Taxpayers face ballooning bill for CNE centre
Despite budget cuts, politicians want city to lend $35.6 million for conference site in Automotive Building
Nov 15, 2007 04:30 AM
Paul Moloney
city hall bureau
The city's critical financial situation has not stopped councillors from recommending borrowing millions more to cover the ballooning costs of a new CNE conference centre.
The price tag of the development – a pet project of Deputy Mayor Joe Pantalone – has climbed to almost $47 million from $29 million and the city has been asked to increase its loan to Exhibition Place. The city-owned agency is building the conference centre in the Automotive Building.
Pantalone, the Exhibition Place chair who pushed for construction of the Ricoh Centre and BMO Field, yesterday urged the budget committee to boost the loan. The committee agreed to increase it to $35.6 million from $21.2 million. Now, council will vote on the increase on Dec. 11.
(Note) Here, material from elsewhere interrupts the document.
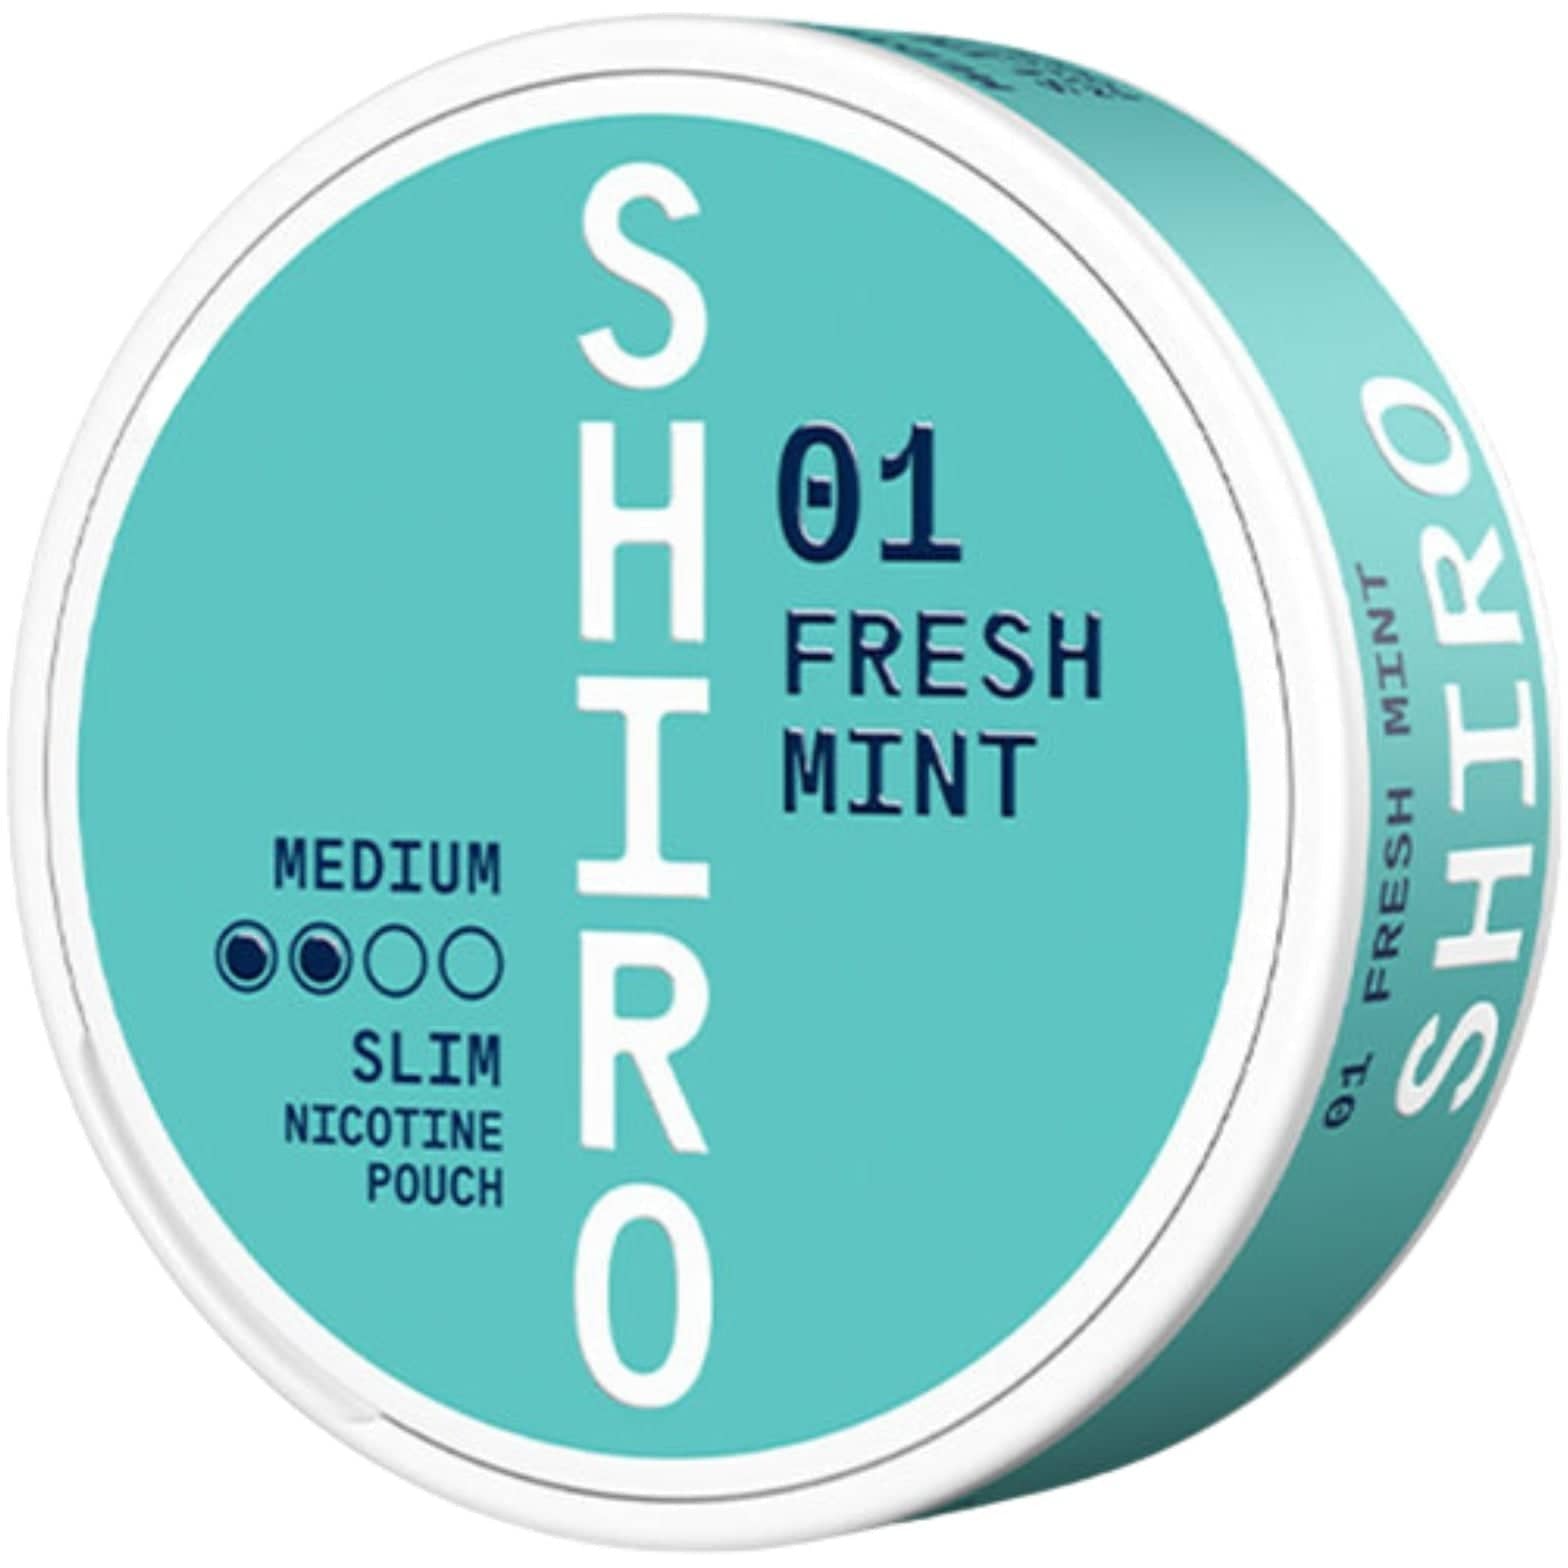 SHIRO FRESH MINT 01 - Nammi.net

"I think people will have some questions, rightly so, and the questions will be answered and council will overwhelmingly support it, hopefully unanimously," Pantalone said yesterday.
The committee was told conventions are big business with bookings attracting thousands of participants often taking place years ahead of time.
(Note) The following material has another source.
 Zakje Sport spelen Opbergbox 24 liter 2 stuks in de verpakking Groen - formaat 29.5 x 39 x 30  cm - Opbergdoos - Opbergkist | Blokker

The new centre is needed because while the Direct Energy Centre has massive amounts of exhibition space, there is very little meeting space for exhibitors and no ballroom, both of which are sought by convention goers, members of the budget committee were told.
The new centre would have a 45,400-square-foot ballroom, a 70,000-square-foot exhibit hall and 31,000 square feet of meeting rooms to serve trade and consumer shows booked into the adjoining Direct Energy Centre, formerly the National Trade Centre.
Projections indicate the new centre would generate sufficient revenues to repay the loan over 25 years at an interest rate of 5 per cent. Naming rights would also be sold off by the city. Still, the city's debt is $2.4 billion.
Centre costs have risen because of the need to remove seven pillars and give users unobstructed views, to provide separate climate controls for different rooms and to increase energy efficiency.
"I think the taxpayers need to be concerned when they see massive increases in project costs," said Councillor Denzil Minnan-Wong, a critic of Mayor David Miller's administration.
"It really does make you wonder what they got wrong in their first study," Minnan-Wong said. "It doesn't give you a lot of confidence in their business planning, in how they put their proposals together."
Pantalone said that while the construction industry is very busy, he's hoping there will be no further cost escalations and that contractors will sharpen their pencils to snare what Pantalone considers to be a prestige project.
Prices are due to come in at the end of the month for about 25 per cent of the project, so council will have some firm numbers to work with in making a decision Dec. 11, he said.